Editorial Views  |   January 2000
Use and Abuse of Neonatal Neurobehavioral Testing
Author Notes
  • Associate Professor of Anesthesia
  • Harvard Medical School
  • Brigham and Women’s Hospital
  • Boston, Massachusetts
  • Professor Emeritus of Pediatrics
  • Harvard Medical School
  • Children’s Hospital
  • Boston, Massachusetts
Article Information
Editorial Views
Editorial Views   |   January 2000
Use and Abuse of Neonatal Neurobehavioral Testing
Anesthesiology 1 2000, Vol.92, 3. doi:
Anesthesiology 1 2000, Vol.92, 3. doi:
Accepted for publication September 14, 1999.
ONE of the primary concerns of obstetric anesthesia is its safety for both mother and neonate. Much has been written about this issue, in particular consequences for the neonate.
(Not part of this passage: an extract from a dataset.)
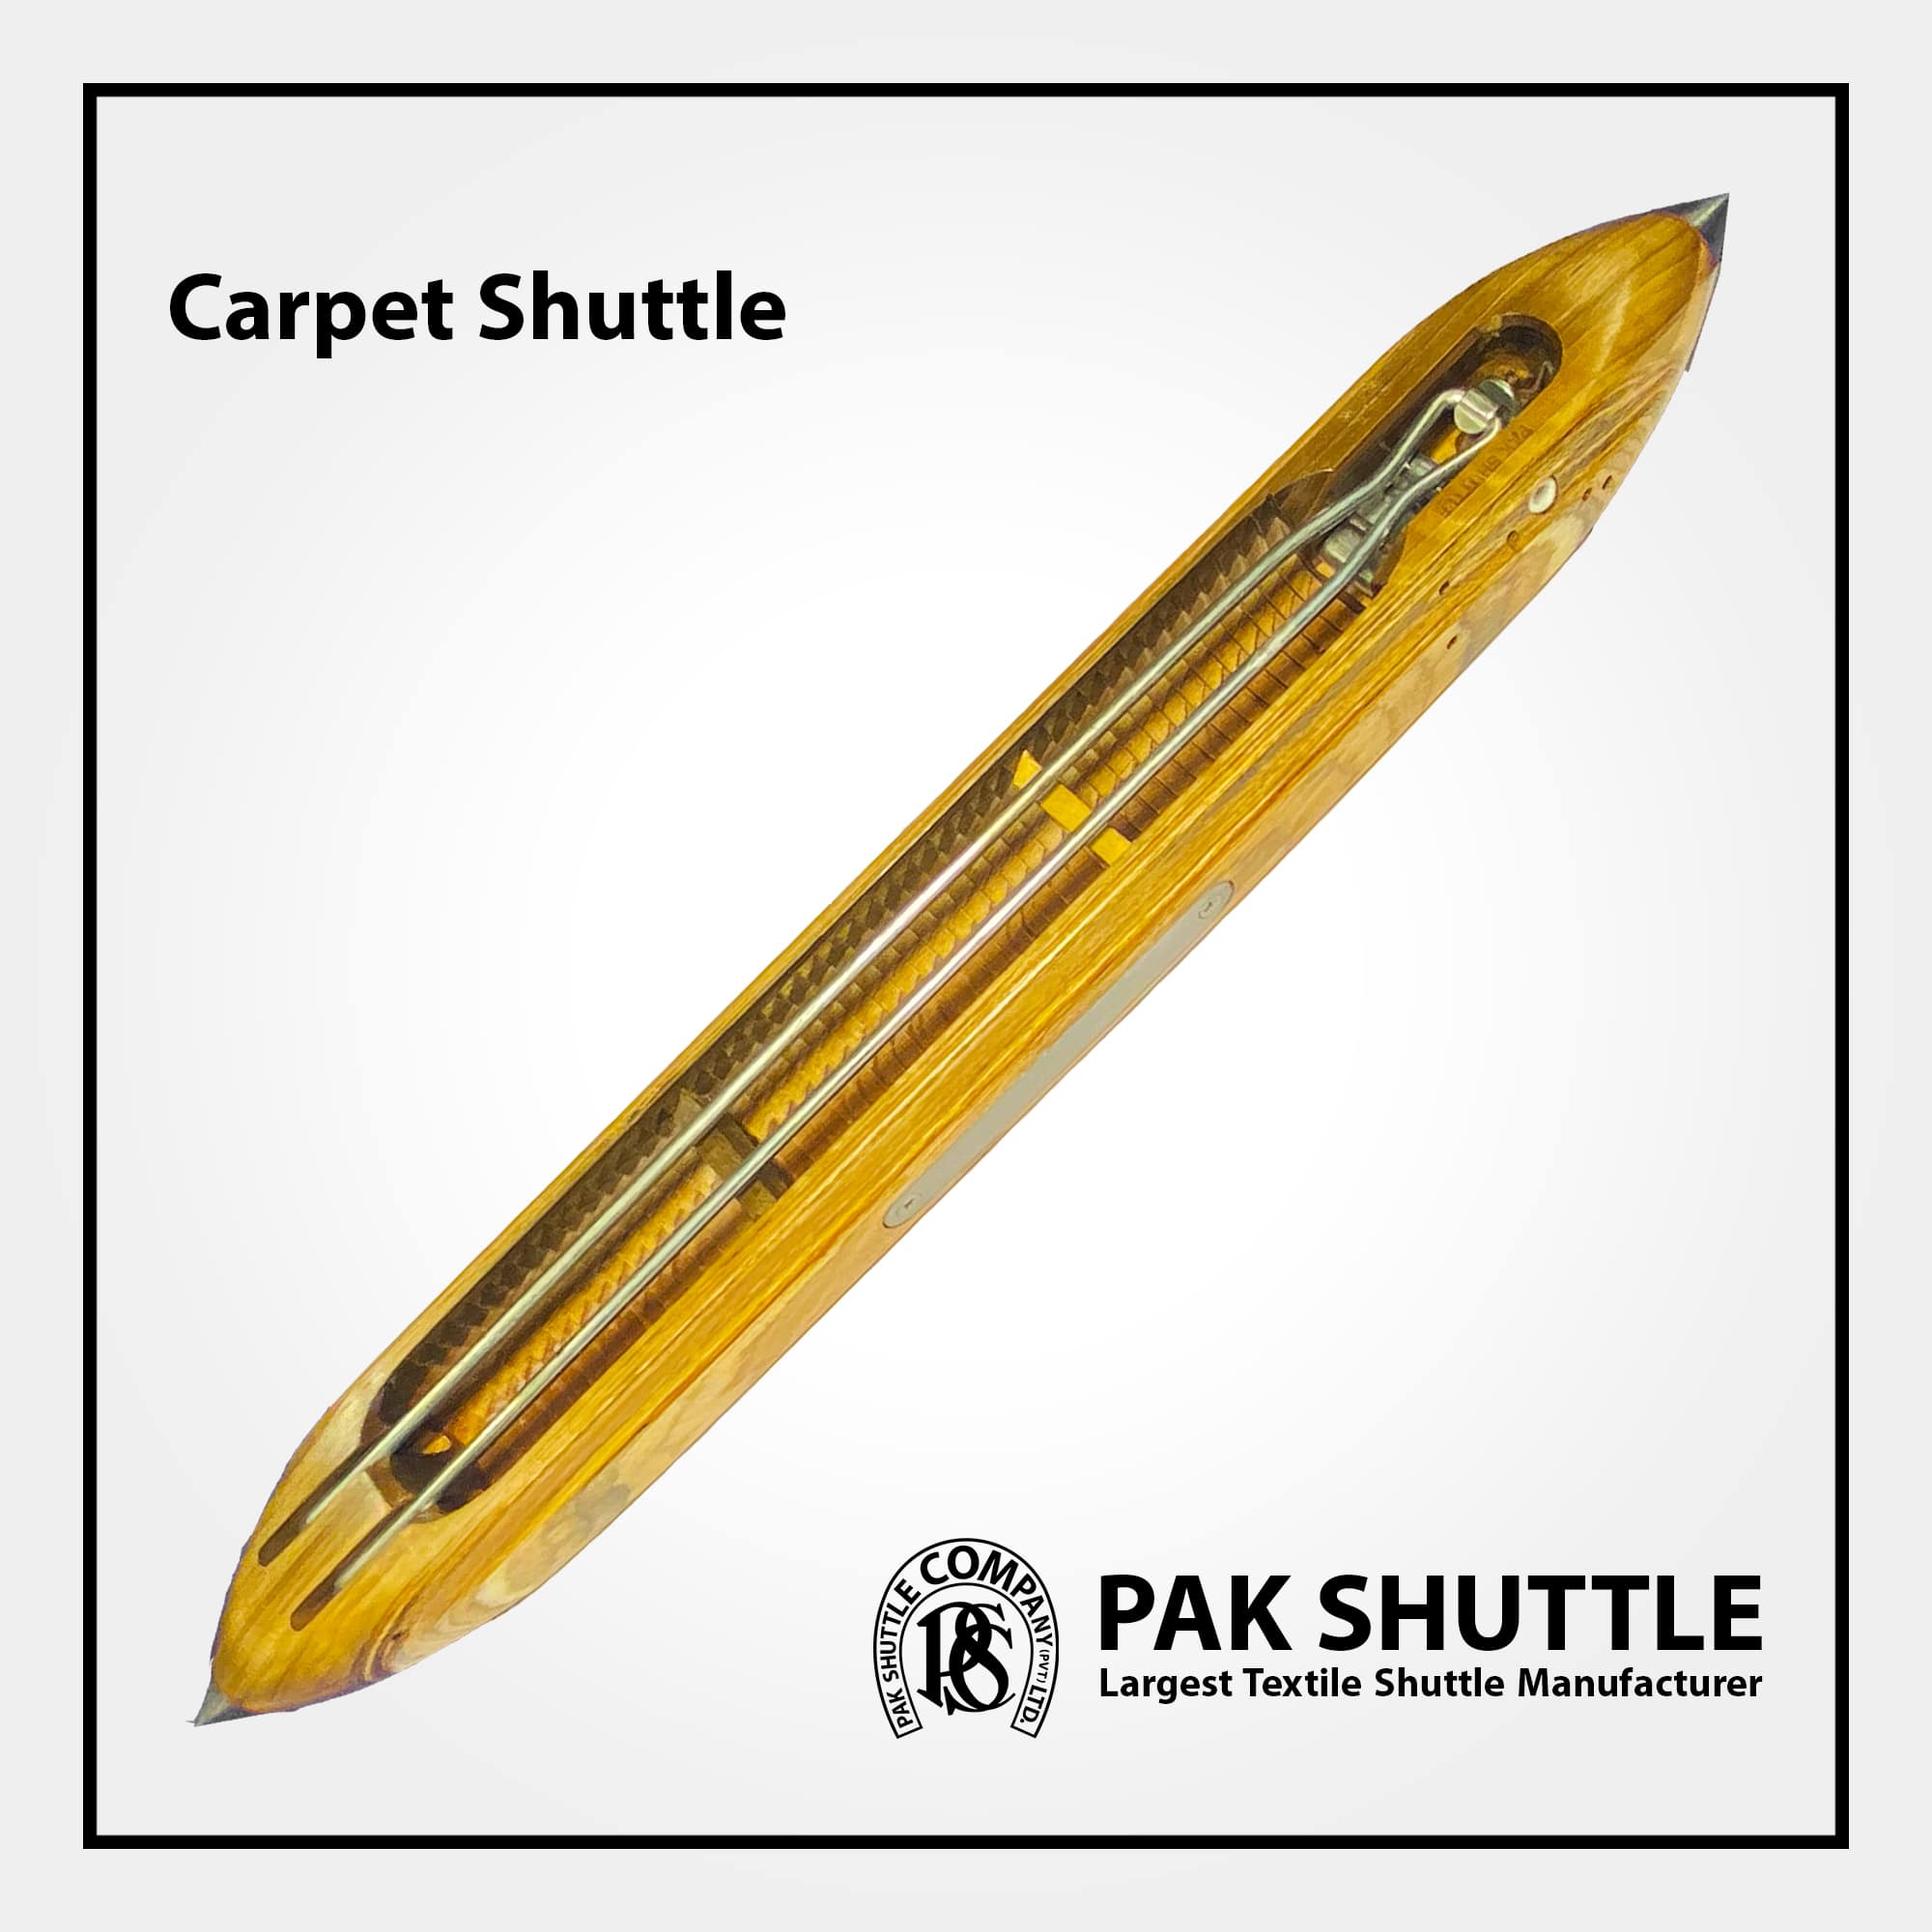 Carpet, Jute & Woolen Shuttle by Pak Shuttle Company Pvt Ltd.

Clinical and laboratory measurement scales, including Apgar scores, 1 umbilical blood venous and arterial acid-base balance analysis, 2 and neonatal neurobehavioral testing scales, 3 have been developed to assess neonatal well-being. In 1982, a report by Amiel-Tison et al.  4 was published in ANESTHESIOLOGY that described an assessment scale called the Neonatal Neurologic and Adaptive Capacity Score (NACS). The NACS was proposed as a simple, noninvasive, quick neurobehavioral examination to assess subtle effects of drugs on neonates and to distinguish such drug effects from birth trauma, perinatal asphyxia, or neurologic disease. This publication was accompanied by a critical editorial that claimed the test to be deficient as a valid research instrument. 5 It has now been almost 20 yr since the NACS was described, and initial criticism notwithstanding, it has been widely embraced by the obstetric anesthesia community and used worldwide by investigators examining neonatal effects of peripartum medications. In this issue of ANESTHESIOLOGY, Brockhurst et al.  6 conduct a systematic review of the NACS in obstetric anesthesia research and conclude that the reliability and validity of this test has still not been established. Here we examine this issue in greater depth.
Why has the NACS become so popular? The answer: Simplicity. The test is easy and quick (< 5 min per examination), it can be performed with minimal training, it is non-noxious (thus easily performed in the presence of parents), and lends itself to simple statistical analysis. More traditional measures for neonatal performance, such as the Brazelton Neurobehavioral Assessment Score, 3 require approximately 20 min for a trained examiner to perform; include a large number of items (or clusters), each scored on a nine-point scale; and include statistical analysis that can be complex. Many studies using the Brazelton Neurobehavioral Assessment Score also include testing at age 14 and 30 days, allowing for integration into a variety of infant developmental paradigms. 7 This is virtually never performed with the NACS. In contrast, the NACS has 20 items, each scored as 0, 1, or 2, for a total possible score of 40. Individual items are summed, and a single score is assigned to the neonate. No special training or certification is required to perform the NACS. This enticing simplicity was part of the editorialist’s original concern in 1982:“For such an instrument, speed of administration is hardly the primary concern (should it be clinically?), but rather its ability to find or not to find effects of the variables of concern on the functioning neonate.”5 As noted by Brockhurst et al.  , virtually all of the studies using the NACS show no differences between groups of infants. In the few studies in which differences are noted, the circumstances are such that they would be expected to occur and expected to be obvious, e.g.  , general versus  regional anesthesia for cesarean delivery. Studies using the NACS to assess neonatal effects of maternally administered local anesthetics or opioids for either vaginal or cesarean delivery have yielded inconsistent results, frequently showing no differences between groups or differences that may be questioned on statistical grounds.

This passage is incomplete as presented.